Content starts
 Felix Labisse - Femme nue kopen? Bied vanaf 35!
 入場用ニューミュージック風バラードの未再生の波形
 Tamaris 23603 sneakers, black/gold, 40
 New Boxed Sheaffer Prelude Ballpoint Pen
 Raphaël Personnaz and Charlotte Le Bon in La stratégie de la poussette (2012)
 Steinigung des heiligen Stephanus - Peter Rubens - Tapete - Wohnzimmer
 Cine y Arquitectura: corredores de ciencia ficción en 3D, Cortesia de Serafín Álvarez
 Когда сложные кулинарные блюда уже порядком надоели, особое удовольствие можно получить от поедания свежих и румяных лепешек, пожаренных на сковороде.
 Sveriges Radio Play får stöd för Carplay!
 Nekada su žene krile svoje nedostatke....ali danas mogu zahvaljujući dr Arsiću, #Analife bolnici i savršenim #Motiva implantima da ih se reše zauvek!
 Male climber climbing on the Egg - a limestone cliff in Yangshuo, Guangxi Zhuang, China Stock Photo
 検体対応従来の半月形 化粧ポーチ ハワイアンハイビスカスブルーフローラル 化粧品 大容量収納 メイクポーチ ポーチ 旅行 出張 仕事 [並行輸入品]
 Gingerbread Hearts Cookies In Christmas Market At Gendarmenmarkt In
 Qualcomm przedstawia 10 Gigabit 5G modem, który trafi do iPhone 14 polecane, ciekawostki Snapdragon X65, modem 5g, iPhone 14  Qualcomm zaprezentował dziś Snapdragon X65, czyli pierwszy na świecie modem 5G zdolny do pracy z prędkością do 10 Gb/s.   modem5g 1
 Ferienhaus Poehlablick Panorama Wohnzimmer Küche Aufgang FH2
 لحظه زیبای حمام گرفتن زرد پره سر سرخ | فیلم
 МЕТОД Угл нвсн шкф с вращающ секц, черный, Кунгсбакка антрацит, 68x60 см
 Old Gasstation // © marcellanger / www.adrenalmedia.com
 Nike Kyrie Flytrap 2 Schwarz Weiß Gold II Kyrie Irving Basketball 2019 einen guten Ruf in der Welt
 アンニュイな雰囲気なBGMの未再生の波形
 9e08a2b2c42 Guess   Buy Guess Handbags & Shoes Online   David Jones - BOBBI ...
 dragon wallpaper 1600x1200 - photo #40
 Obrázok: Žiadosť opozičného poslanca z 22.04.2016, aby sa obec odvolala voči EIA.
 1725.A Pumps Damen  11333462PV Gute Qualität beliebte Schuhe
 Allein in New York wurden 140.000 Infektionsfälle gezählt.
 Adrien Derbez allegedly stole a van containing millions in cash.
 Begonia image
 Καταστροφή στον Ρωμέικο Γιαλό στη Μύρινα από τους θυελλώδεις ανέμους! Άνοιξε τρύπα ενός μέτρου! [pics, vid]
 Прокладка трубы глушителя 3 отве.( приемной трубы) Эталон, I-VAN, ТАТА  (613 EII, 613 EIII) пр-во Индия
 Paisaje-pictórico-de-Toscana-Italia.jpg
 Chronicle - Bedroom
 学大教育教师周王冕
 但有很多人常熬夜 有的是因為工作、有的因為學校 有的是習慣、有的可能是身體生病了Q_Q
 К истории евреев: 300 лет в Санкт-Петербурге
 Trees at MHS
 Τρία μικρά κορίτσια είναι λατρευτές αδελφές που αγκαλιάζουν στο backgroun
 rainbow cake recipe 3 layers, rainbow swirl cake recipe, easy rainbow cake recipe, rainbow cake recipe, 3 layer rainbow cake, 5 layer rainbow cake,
Content ends
◆ Instructions to follow ◆
After locating the line with "dragon wallpaper 1600x1200 - photo #40" in the records above, please set down that line and all later ones exactly, and no other line.

◆ Task answer ◆
 dragon wallpaper 1600x1200 - photo #40
 Obrázok: Žiadosť opozičného poslanca z 22.04.2016, aby sa obec odvolala voči EIA.
 1725.A Pumps Damen  11333462PV Gute Qualität beliebte Schuhe
 Allein in New York wurden 140.000 Infektionsfälle gezählt.
 Adrien Derbez allegedly stole a van containing millions in cash.
 Begonia image
 Καταστροφή στον Ρωμέικο Γιαλό στη Μύρινα από τους θυελλώδεις ανέμους! Άνοιξε τρύπα ενός μέτρου! [pics, vid]
 Прокладка трубы глушителя 3 отве.( приемной трубы) Эталон, I-VAN, ТАТА  (613 EII, 613 EIII) пр-во Индия
 Paisaje-pictórico-de-Toscana-Italia.jpg
 Chronicle - Bedroom
 学大教育教师周王冕
 但有很多人常熬夜 有的是因為工作、有的因為學校 有的是習慣、有的可能是身體生病了Q_Q
 К истории евреев: 300 лет в Санкт-Петербурге
 Trees at MHS
 Τρία μικρά κορίτσια είναι λατρευτές αδελφές που αγκαλιάζουν στο backgroun
 rainbow cake recipe 3 layers, rainbow swirl cake recipe, easy rainbow cake recipe, rainbow cake recipe, 3 layer rainbow cake, 5 layer rainbow cake,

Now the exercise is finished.